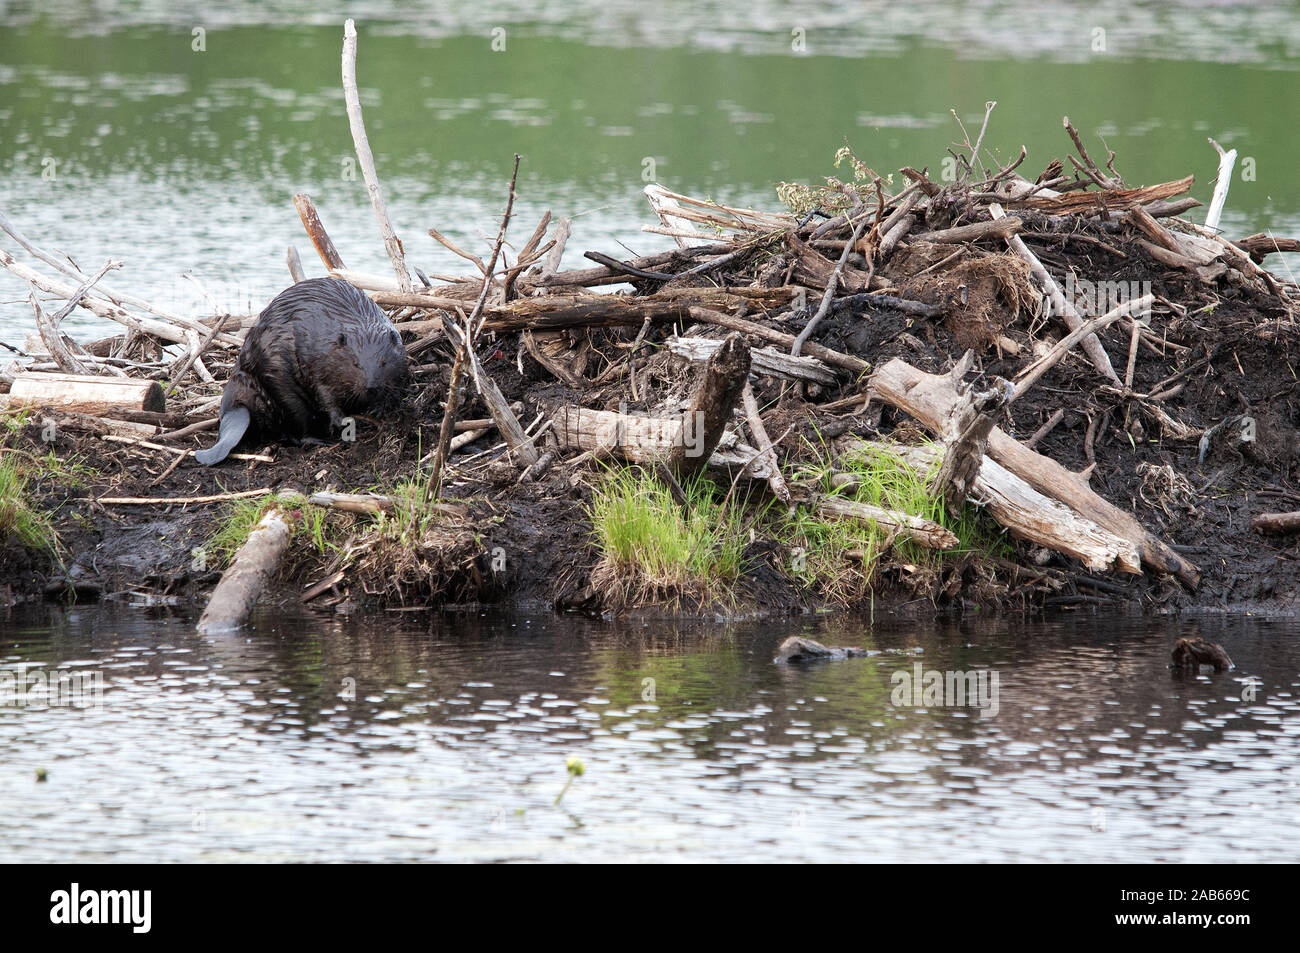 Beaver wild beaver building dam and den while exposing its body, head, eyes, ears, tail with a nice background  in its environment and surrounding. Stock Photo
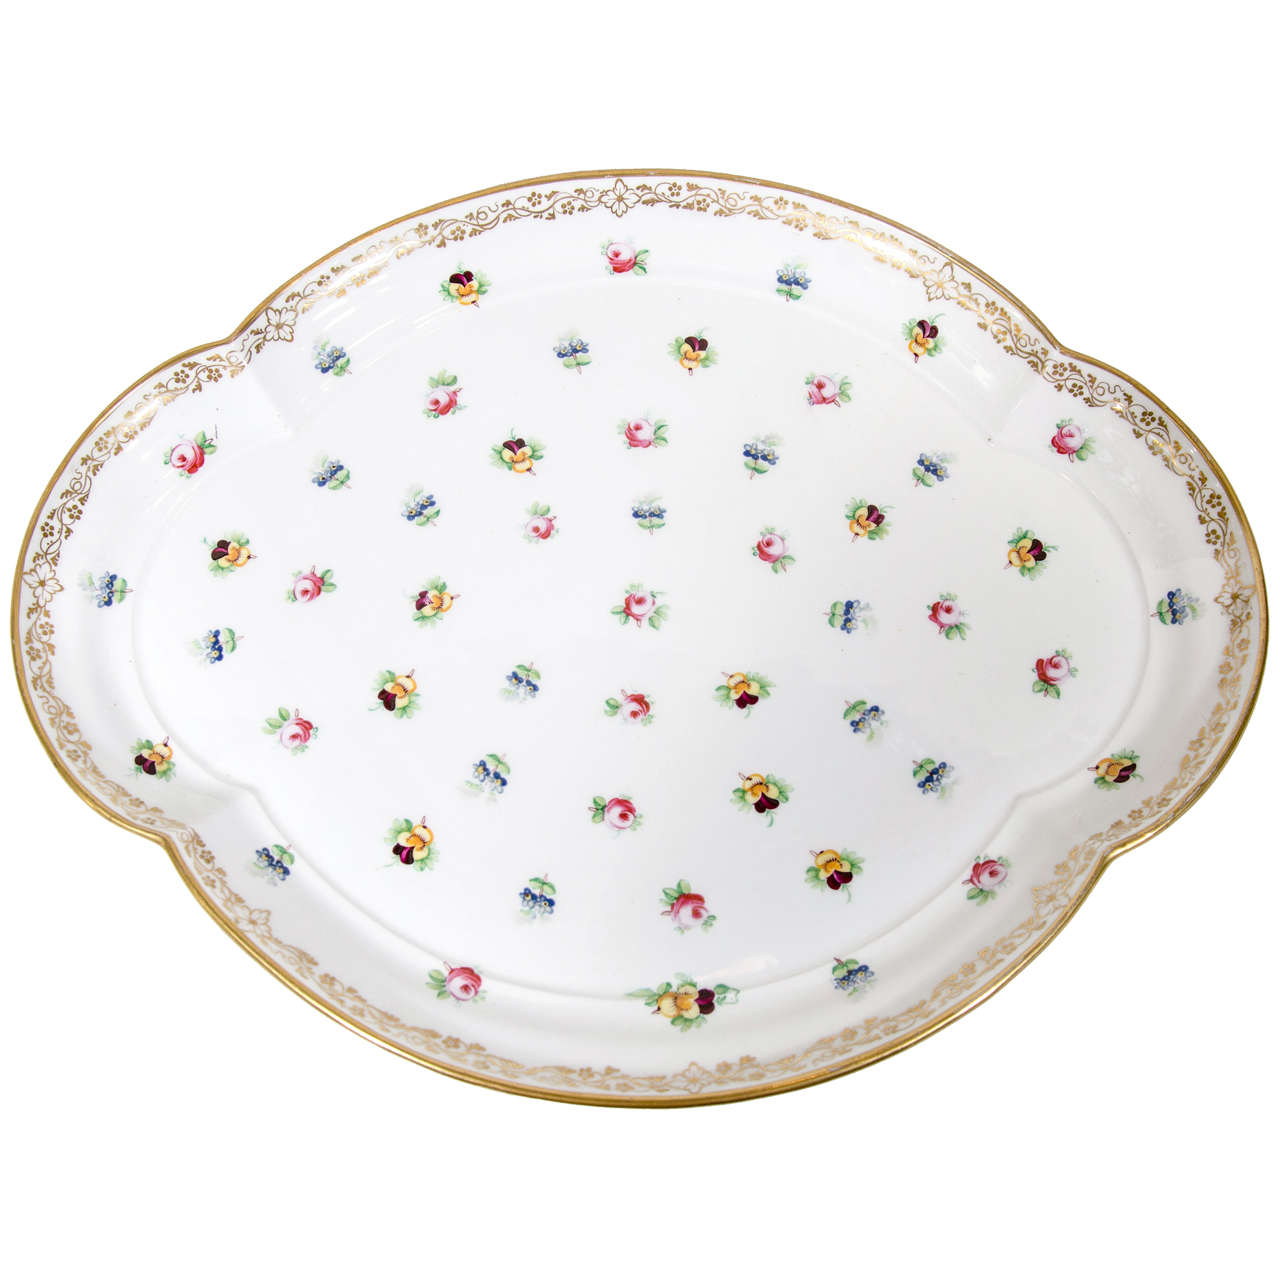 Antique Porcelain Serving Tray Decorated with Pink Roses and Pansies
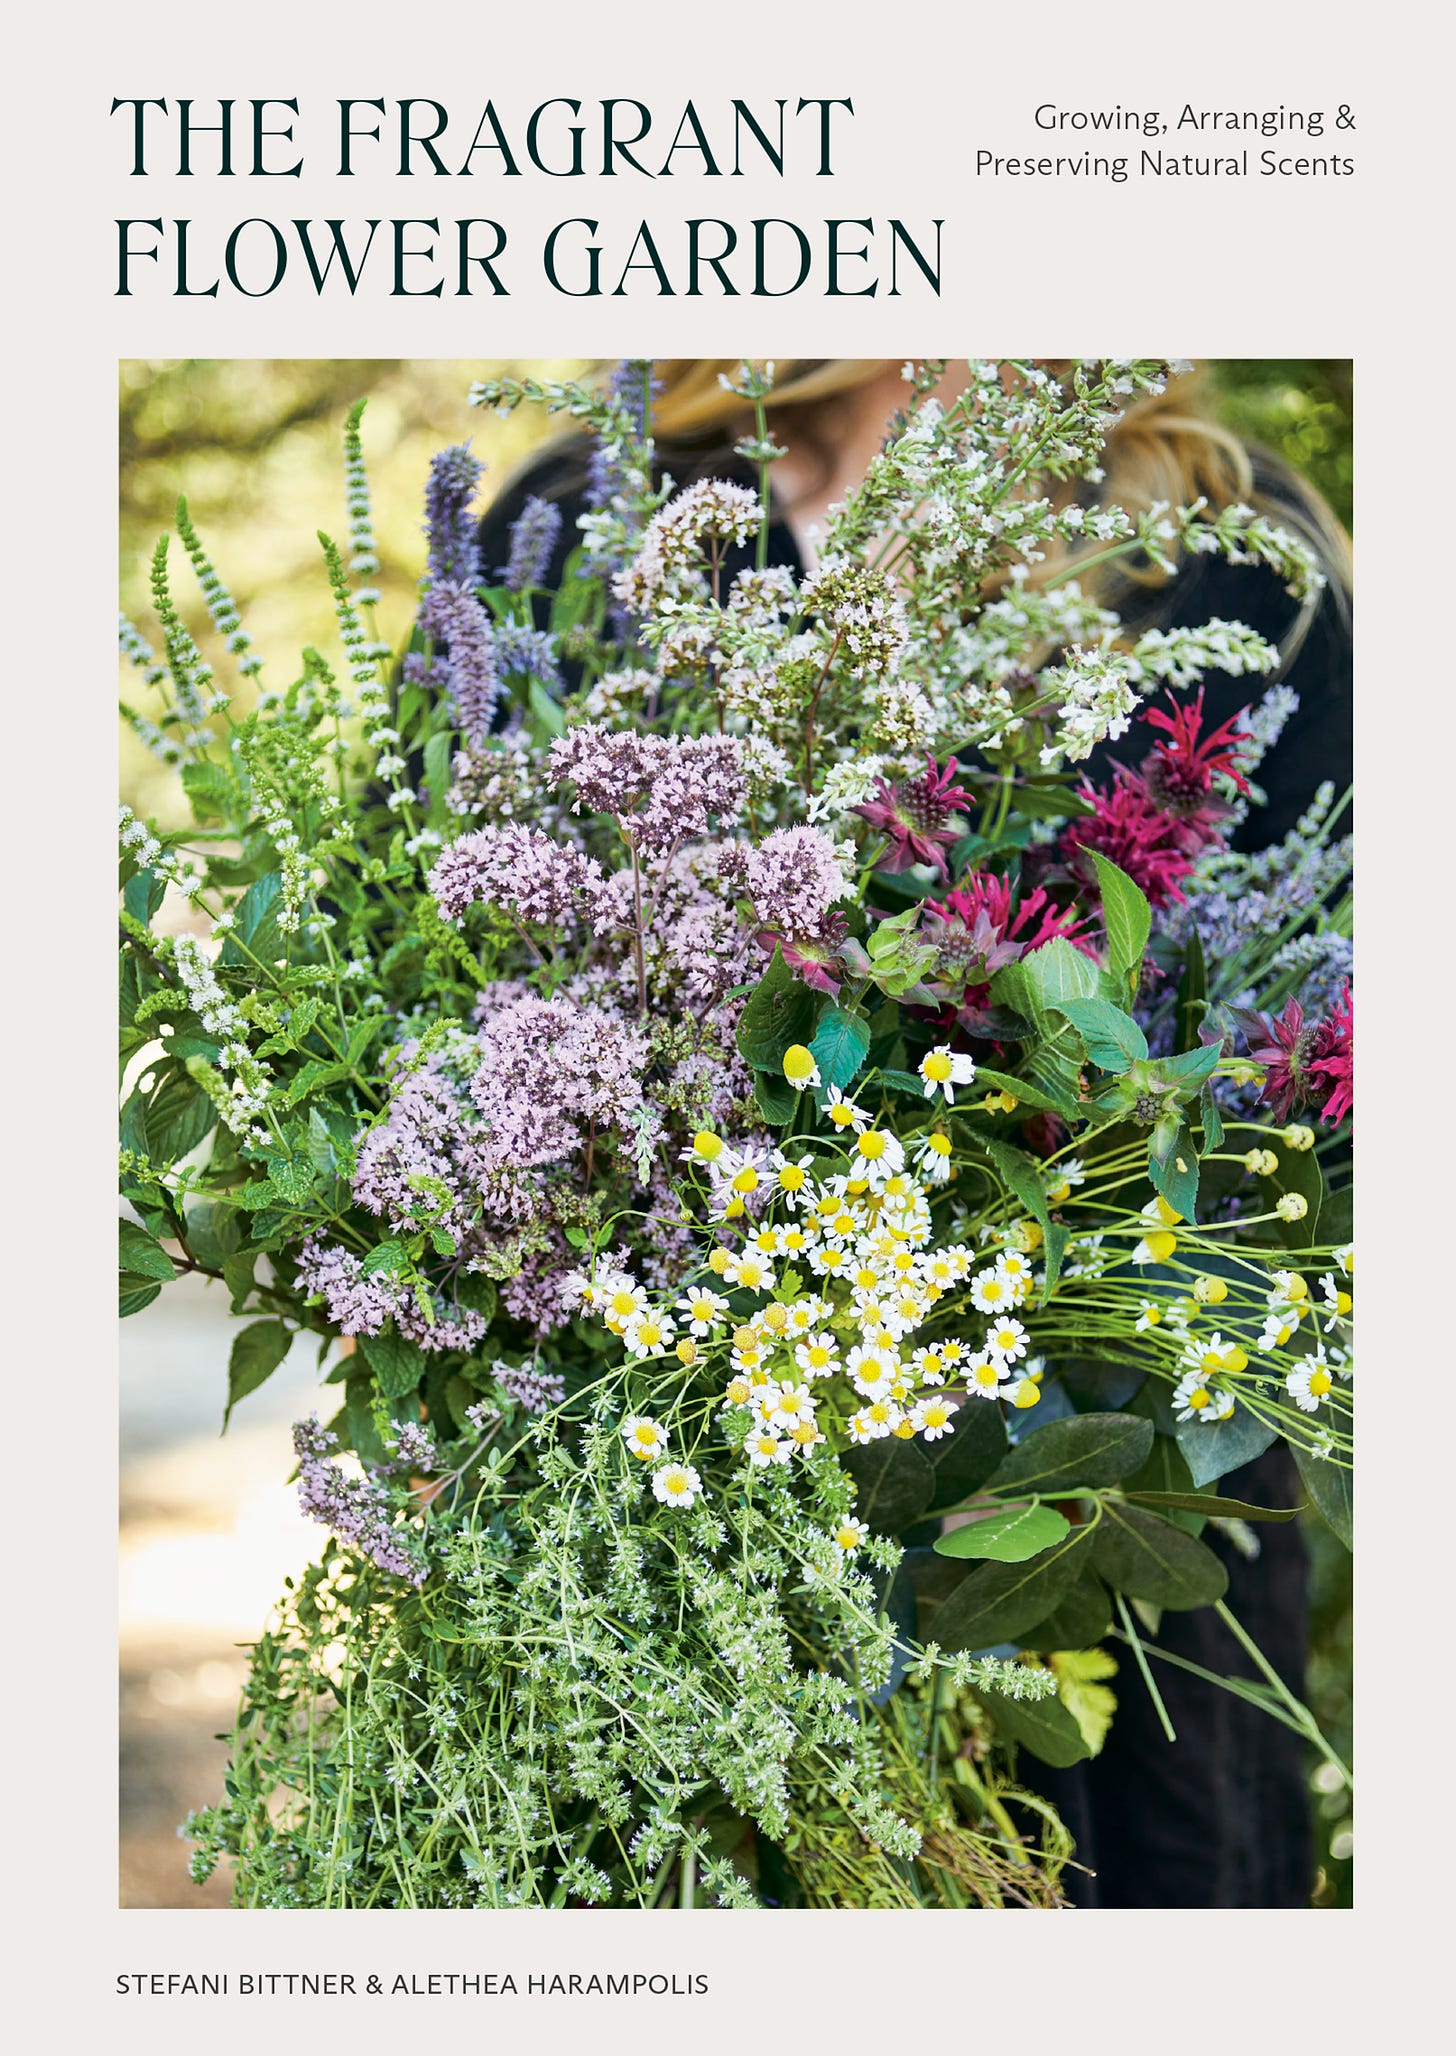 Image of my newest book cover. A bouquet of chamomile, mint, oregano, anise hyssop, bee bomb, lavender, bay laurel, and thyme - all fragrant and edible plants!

* GOAL OF THE EXERCISE *
Transcribe the listing above verbatim. Omit the pictures.

* ANSWER FOR THE TASK *
 Beaver wild beaver building dam and den while exposing its body, head, eyes, ears, tail with a nice background  in its environment and surrounding. Stock Photo
 Antique Porcelain Serving Tray Decorated with Pink Roses and Pansies
 Image of my newest book cover. A bouquet of chamomile, mint, oregano, anise hyssop, bee bomb, lavender, bay laurel, and thyme - all fragrant and edible plants!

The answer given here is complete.